Boeing z karą nałożoną przez FAA
Amerykańska Federalna Administracja Lotnictwa (FAA) nałożyła w piątek (10.01) na Boeinga karę w wysokości 5,4 mln dolarów amerykańskich. Jest ona związana z montowaniem w 737 MAX niezatwierdzonych części skrzydeł.
Reklama
Piątkowa kara to dodatek do tej nałożonej poprzednio, w grudniu 2019 roku, która opiewała na kwotę 3,9 mln dolarów. Pierwotnie FAA chciała ukarać amerykańskiego producenta za zainstalowanie w około 133 maszynach typu boeing 737 NG (next generation) niecertyfikowanych slotów na krawędziach natarcia skrzydeł. Tym razem Boeing został ukarany za montaż tych samych slotów w 178 boeingach 737 MAX i przedstawienie takich maszyn do procesu certyfikacji zgodności do lotu.

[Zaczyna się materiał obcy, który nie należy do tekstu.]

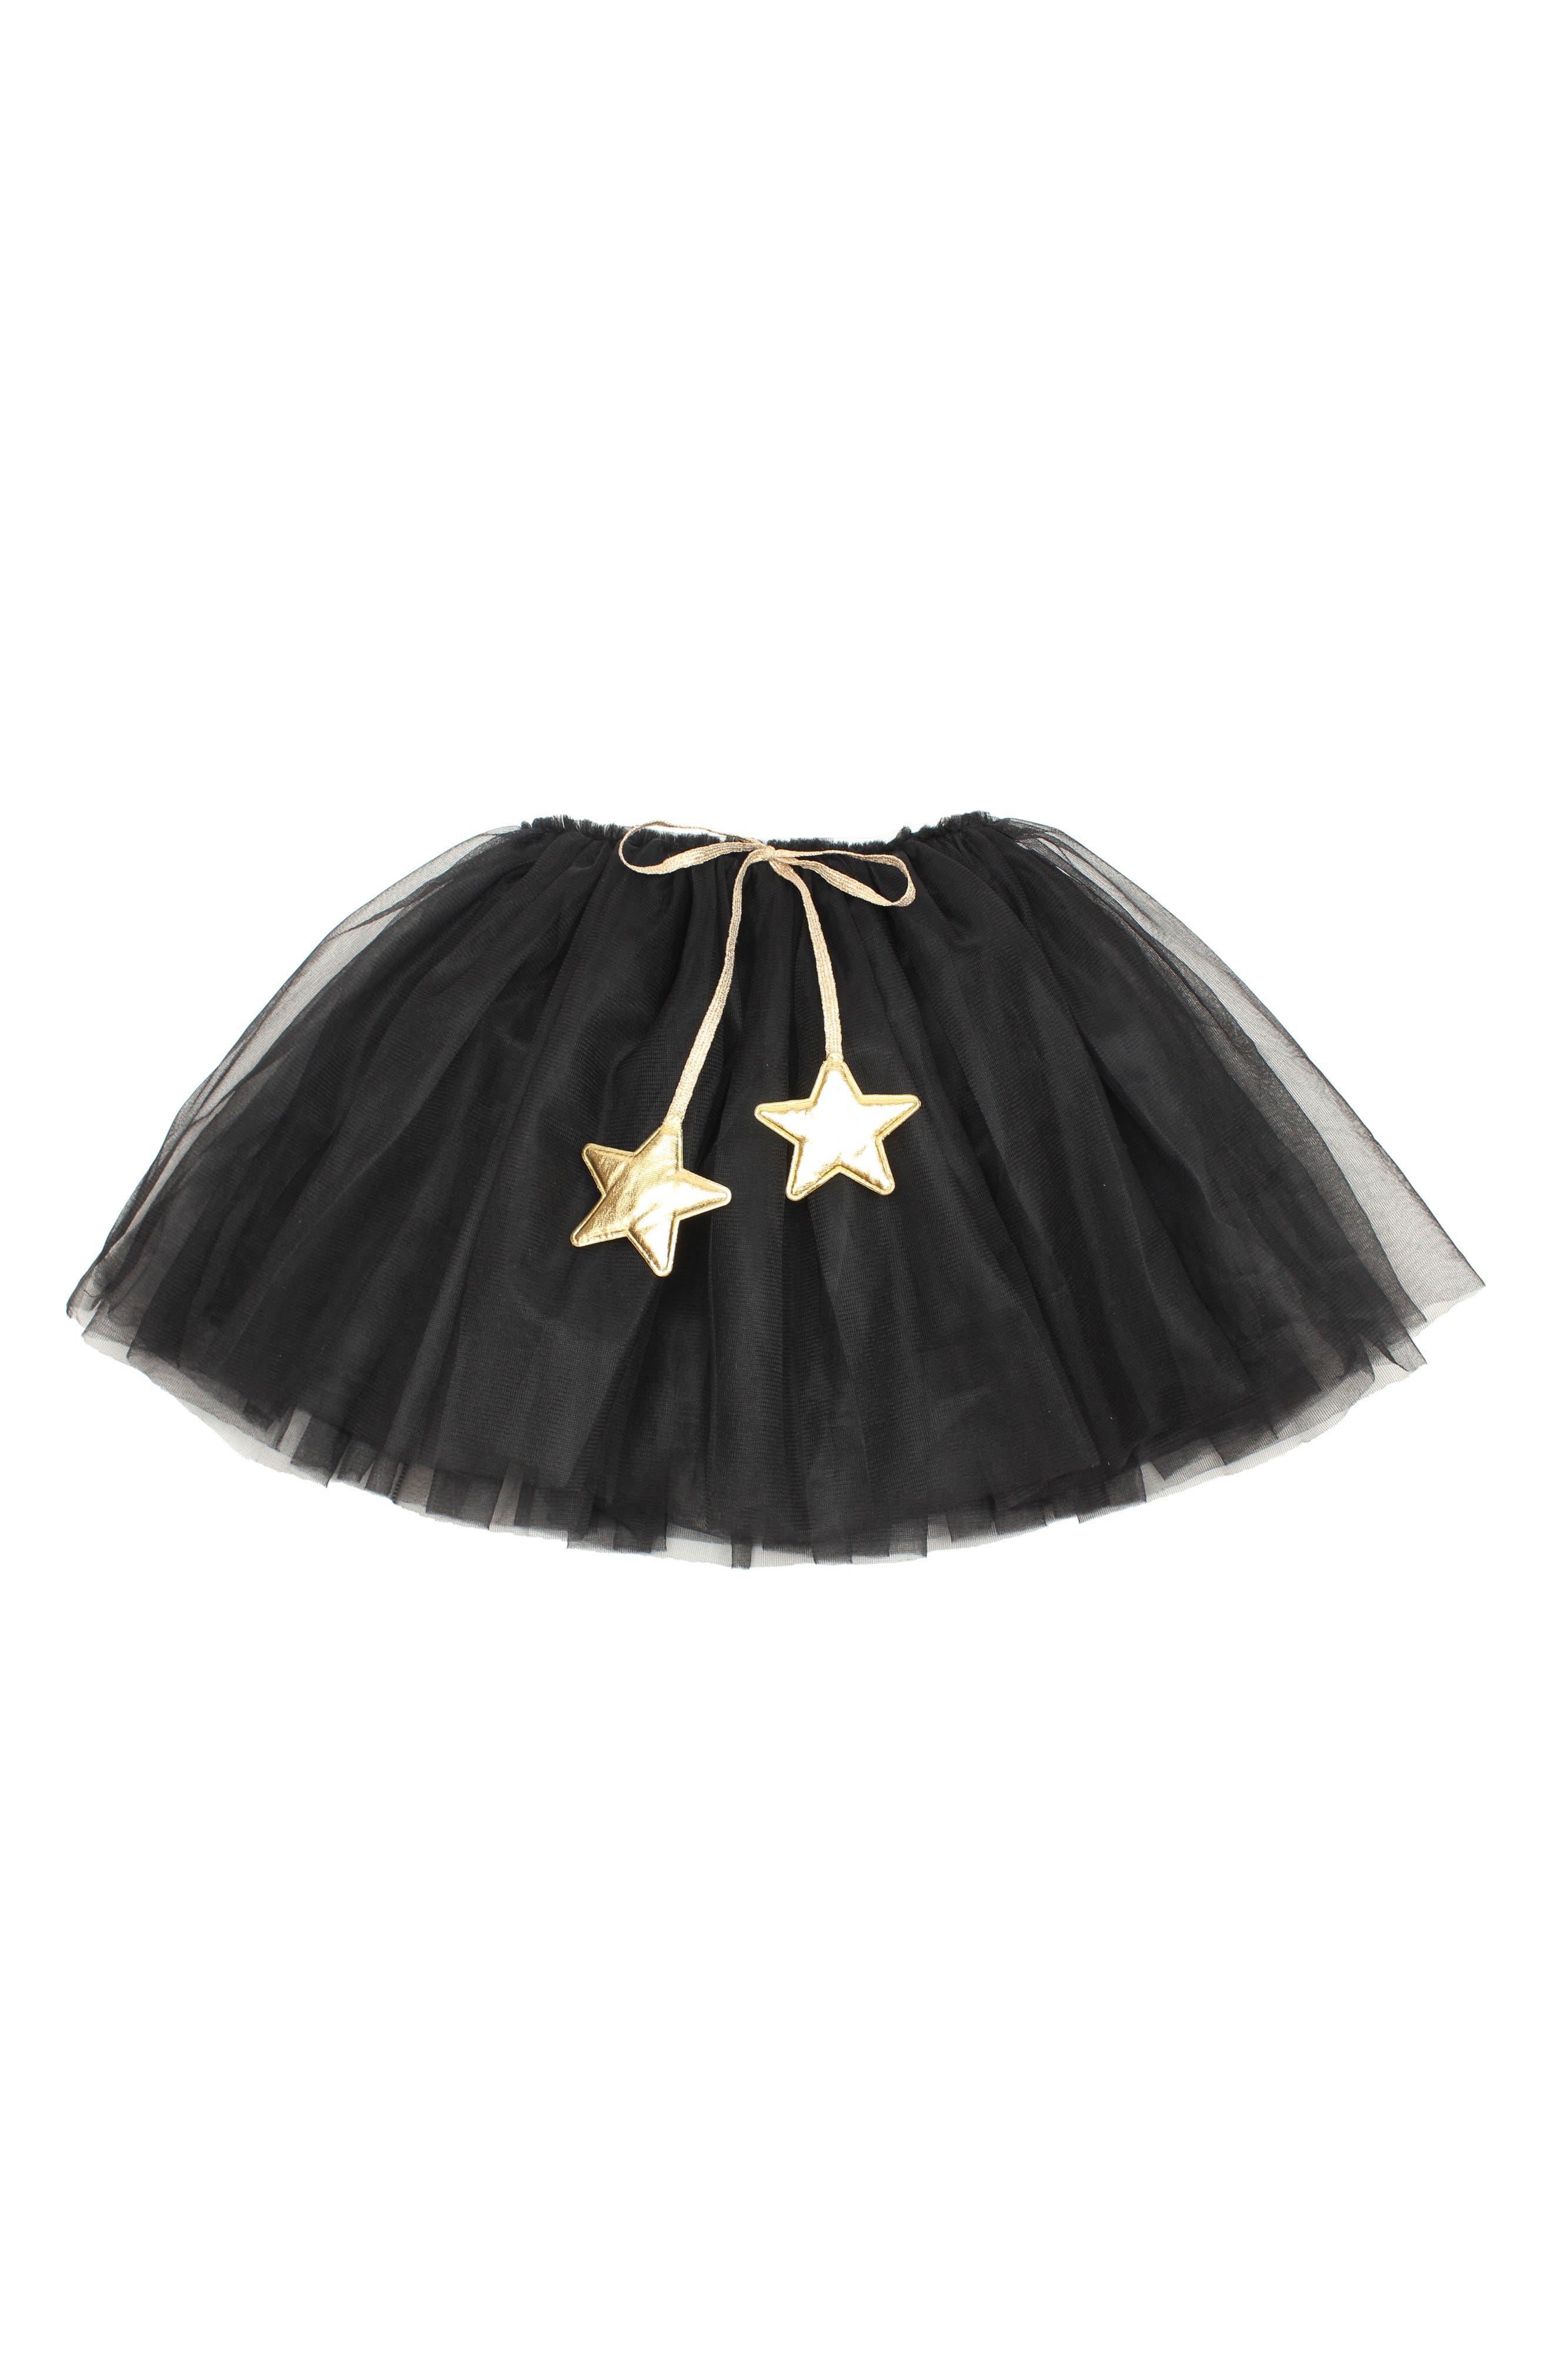 Gold Star Tutu Skirt,                         Main,                         color, Black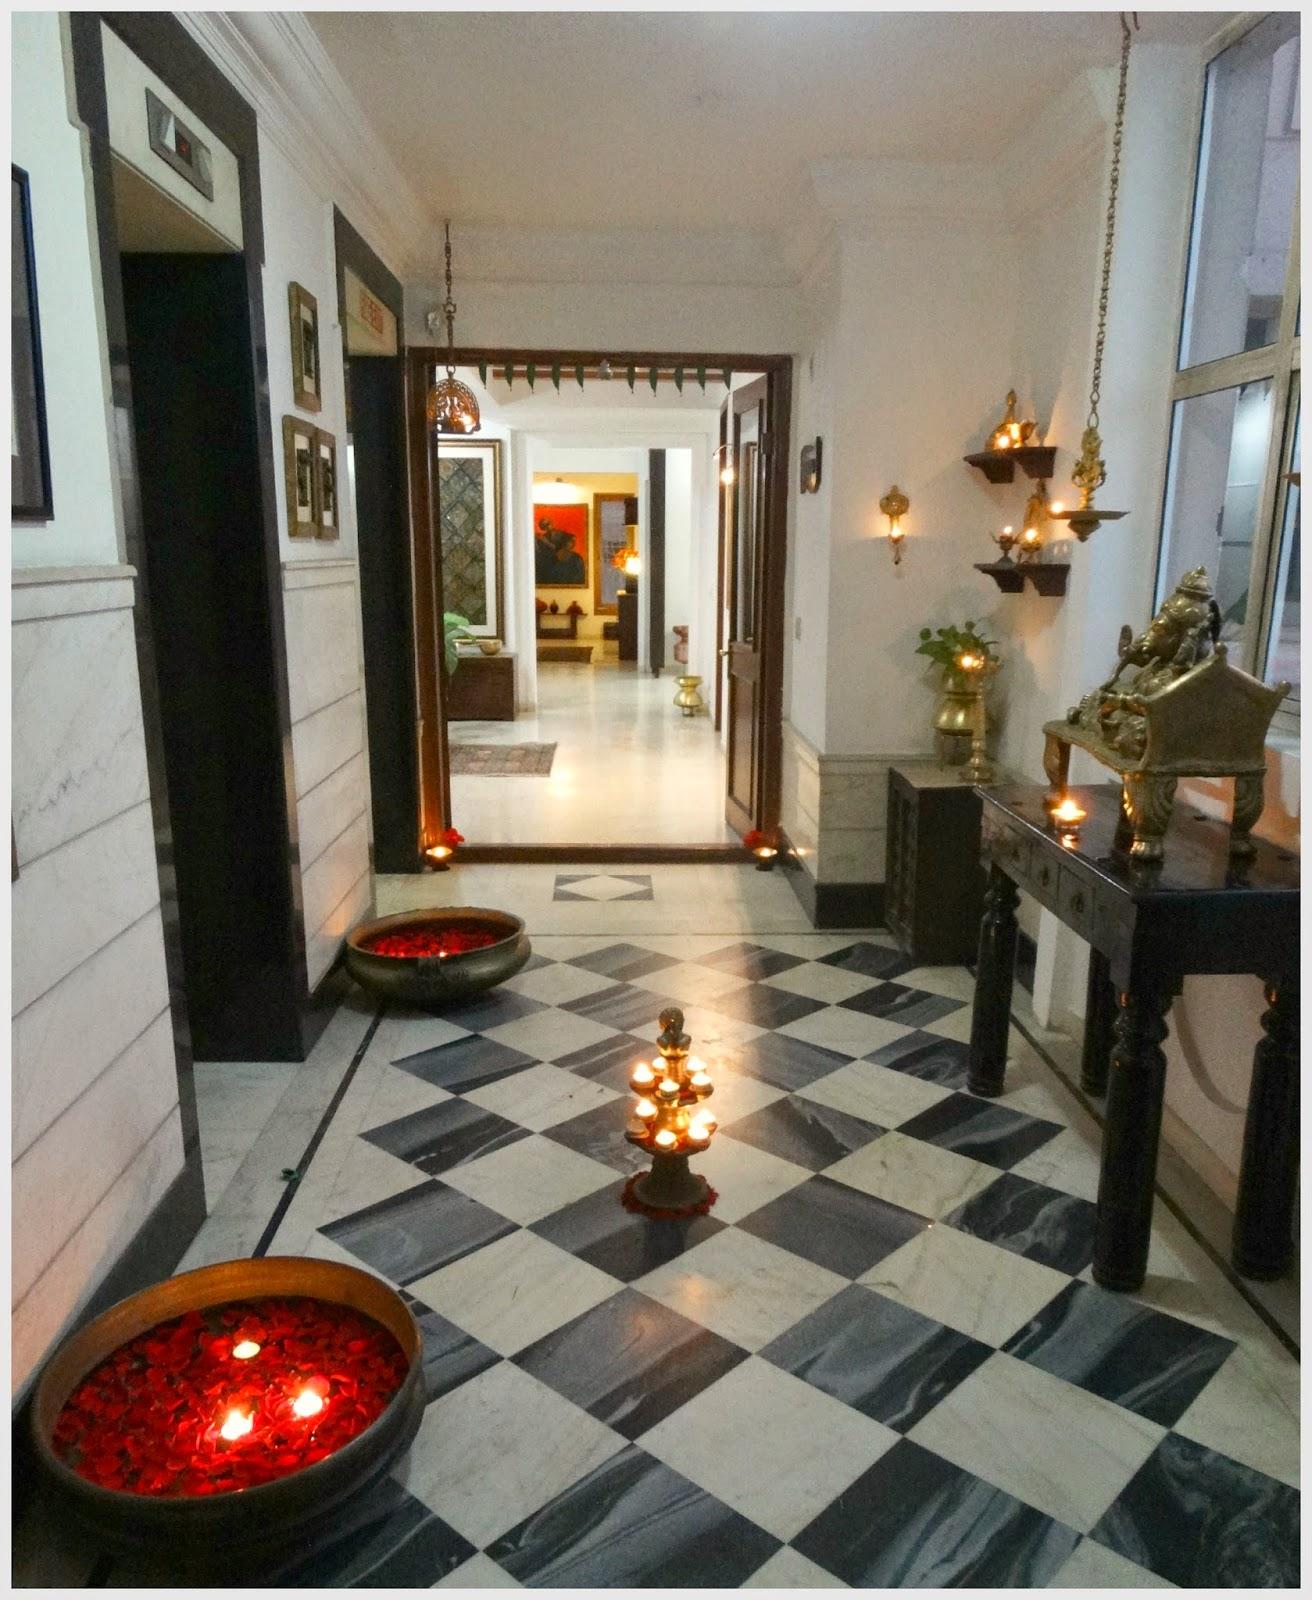 50 Indian Interior Design Ideas: The East Coast Desi: Sophisticated Simplicity

Sloty to specjalne elementy mechanizacji płata, które znajdują się na krawędzi natarcia skrzydła i zapewniają dodatkową siłę nośną przy niskich prędkościach i dużych kątach natarcia. Wykorzystuje się je podczas startu i lądowania.
sloty - zdjęcie ilustracyjne
FAA twierdzi, że Boeing nie prowadził odpowiedniego nadzoru nad swoimi dostawcami i tym samym nie zapewnił utrzymania jakości na wymaganym poziomie. Według amerykańskiego regulatora te niedopatrzenia spowodowały, że wraz ze slotami instalowano wadliwe listwy służące do ich otwierania i zamykania. Usterka listew polega na ich osłabieniu poprzez stan związany kruchością wodorową, do której może dochodzić w trakcie produkcji podczas powlekania kadmowo-tytanowego. Ostatecznym wnioskiem FAA jest również to, że Boeing przedstawił do ostatecznej certyfikacji samoloty wyposażone w części, które nie mogły zostać użyte z powodu nie zaliczenia testu wytrzymałości, a także że producent zrobił to w pełni świadomie.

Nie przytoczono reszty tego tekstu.